The central question boils down to this: if the U.S. military and CIA can keep terrorists at bay in western Pakistan, Somalia and Yemen — with handfuls of special operations troops and drone-launched Hellfire missiles — why can’t that minimalist approach work in Afghanistan as well?

There are currently 66,000 U.S. troops in Afghanistan, with all so-called combat forces slated to be out by the end of next year. The first topic of conversation at Friday’s meeting will likely be the pace of the drawdown through the end of 2014.

The second item will be just how large of a residual non-combat U.S. force should be left in Afghanistan when 2015 dawns, to train Afghan forces and kill Taliban insurgents sure to try to topple the Afghan government. As we saw in Iraq, such nomenclature can change in a flash. It’s almost as if troops now deemed “combat forces” have Post-It notes affixed to their helmets that can be replaced with labels declaring “advise-and-assist forces” overnight.

But it will be different this time around, as Obama and Karzai begin hammering out what’s being called a post-2014 Bilateral Security Agreement. “We are not going to be responsible for the security of Afghanistan beyond 2014,” White House deputy national security adviser Ben Rhodes said Tuesday.

In fact, the U.S. says it would entertain bringing all of its troops home by then. “That would be an option that we would consider,” Rhodes said. “The President does not view these negotiations as having a goal of keeping U.S. troops in Afghanistan.”

Early suggestions that the 2015 U.S. troop presence in Afghanistan could be as high as 20,000 to 30,000 have shrunken to smaller options in the 2,500-to-10,000-troop range. Plainly, the White House is fed up with the corrupt Afghan government. It also views a large troop presence as a drain on its budget, as former Army officer and ex-NSCer Doug Ollivant pointed out Monday on Battleland.

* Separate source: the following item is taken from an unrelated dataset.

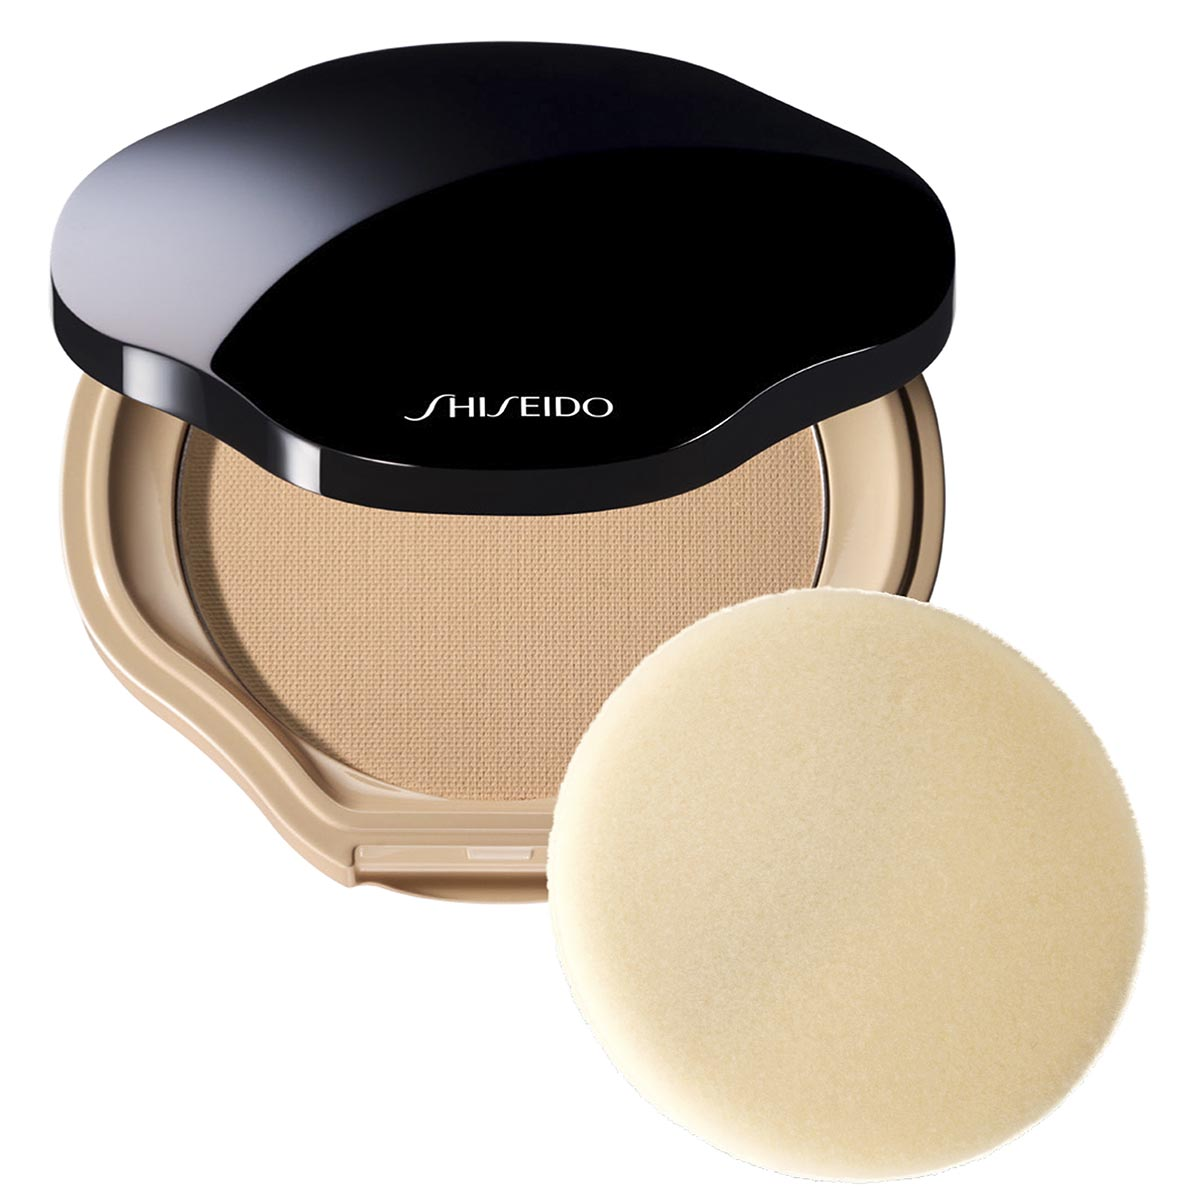 Shiseido sheer perfect compact i40

Karzai better not overplay his hand in the mistaken belief that Obama is desperate to keep U.S. boots on the ground inside his country, outside military experts caution. “Absent the stabilizing influence of some numbers of U.S. troops, Afghanistan could slip back into chaos, experiencing a new version of the devastating civil war that rent the country in the 1990s,” retired Army lieutenant general David Barno, a one-time top commander in Afghanistan, writes at Foreign Policy. “Even though the Zero Option is not the best choice to protect American long-term regional interests, it certainly remains on the table.”